Risk 3: Insecure Serverless Deployment Configuration
Cloud service providers offer many different configuration setups to adapt services for specific needs. Out-of-the-box settings are not necessarily always going to be the most secure. As more organizations are joining to the cloud, cloud configuration flaws will become more progressively predominant.

Risk 4: Overprivileged Function Permissions and Roles
Supervising function permissions and job role is one of the most overwhelming security tasks companies are facing when moving applications to the cloud. It is quite common to see administrator cut corners and apply a “wildcard” (catch-all) authorization model.

Risk 5: Inadequate Function Monitoring and Logging
Most of the cloud organization arrange extremely capable logging services, these logs are not always capable for the purpose of providing a full proof security event audit trail at the application layer.

Risk 6: Insecure Third-Party Dependencies
While the problem of insecure third-party libraries is not explicit to serverless, being able to identify malicious packages is more difficult in serverless environments given the lack of ability to apply network and behavioral security controls.

Risk 7: Insecure Application Secrets Storage
One of the most frequently recurring mistakes related to application secrets storage, is to simply store these secrets in a plain text config file that is a part of the software project. Another common mistake is to store these secrets in plain text, as environment variables.

Risk 8: Denial-of-Service and Financial Resource Exhaustion
Serverless architectures bring the guarantee of automated versatility and high accessibility; in any case, as with any other kind of application, it is basic to apply best practices and good framework in order to stay away from bottlenecks.

Risk 9: Serverless Business Logic Manipulation
Business rational manipulation is a typical issue in numerous kinds of programming. Still, serverless applications are one of a kind, as they are made to follow the microservices framework and contain various functions put together to form the overall logic. Without proper authorization, hackers may be able to crack with the intended logic.

Risk 10: Improper Exception Handling and Verbose Error Messages
Line-by-line troubleshooting options for serverless-based applications are very few (and more difficult) when compared with troubleshooting capabilities for normal applications. Thus, programmers most of time adopt the use of verbose error messages, which may release sensitive data.

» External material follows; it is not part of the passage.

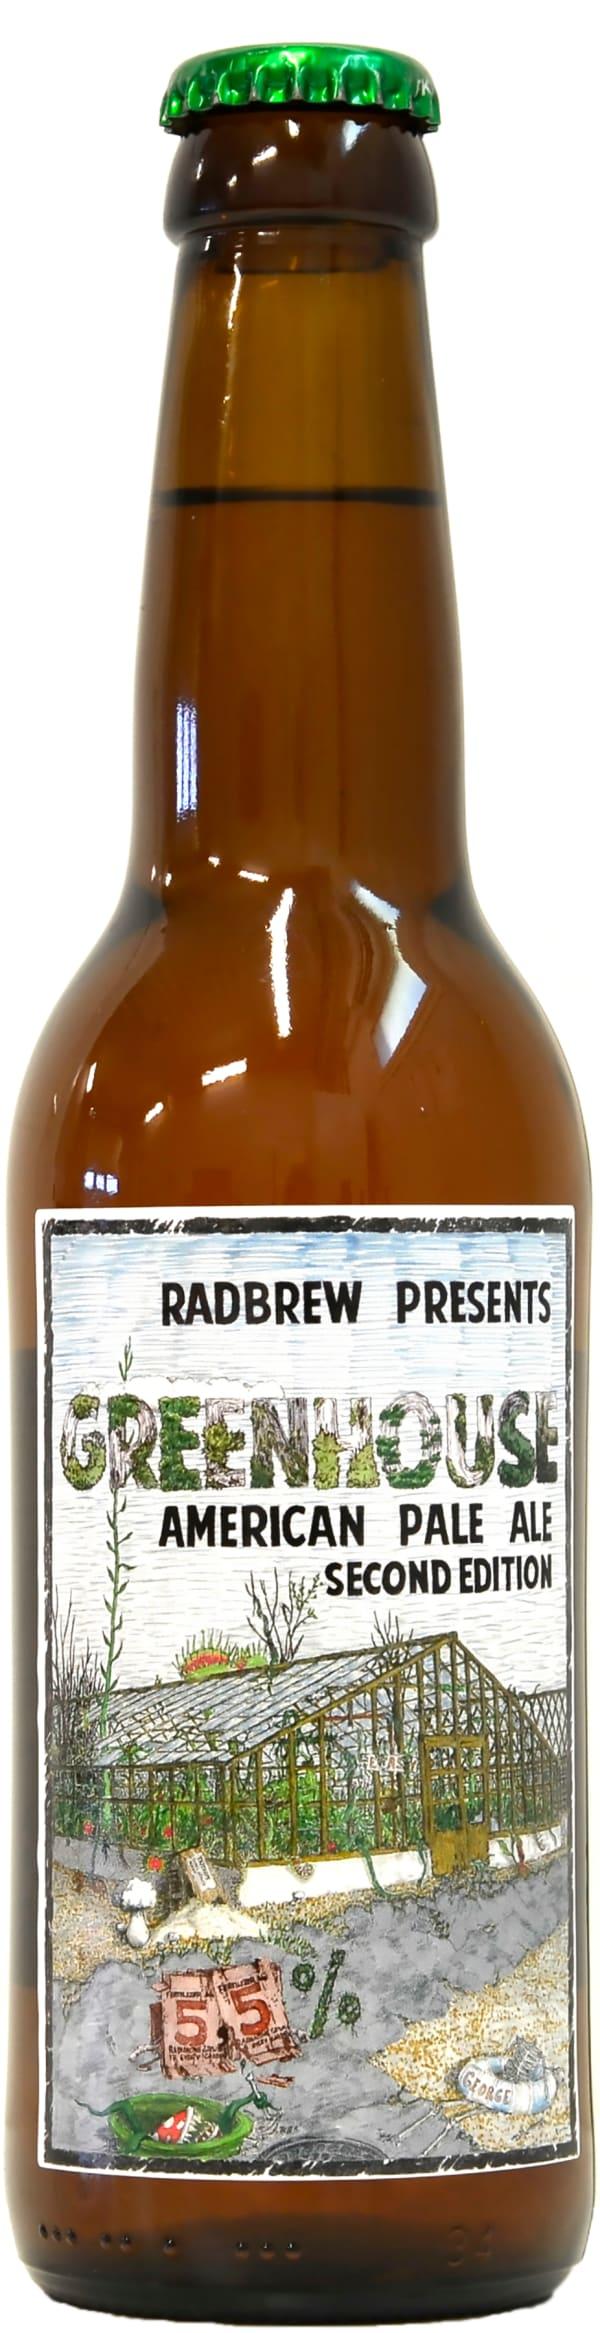 Radbrew Greenhouse Second Edition

Risk 11: Legacy/Unused Functions & Cloud Resources
Over time, serverless application and related cloud assets may become outdated and may be decommissioned. The explanation behind pruning obsolete components is to diminish unnecessary costs and take out avoidable risks. Old serverless application components may incorporate deprecated serverless function versions, unused cloud resources, unnecessary event sources, unused roles or identities, and unused dependencies.

Risk 12: Cross-Execution Data Persistency
Serverless frameworks offer application developers local disk storage, environment variables, and memory to complete their tasks. To make serverless platforms effective in handling new invocations, cloud providers might reuse the execution environment for subsequent invocations. If the serverless execution environment is reused for subsequent invocations, belonging to different users or sessions, it is possible that sensitive data will be left behind and might be exposed.

It’s important to note that the main objective of this information is to make aware and assist organizations to create serverless securely, not to spread fear. Security flaws always stay in any type of platform, and serverless is also the same. CSA’s main objective is to raise these issues to encourage organizations to follow new technologies while avoiding risk factors and silly mistakes.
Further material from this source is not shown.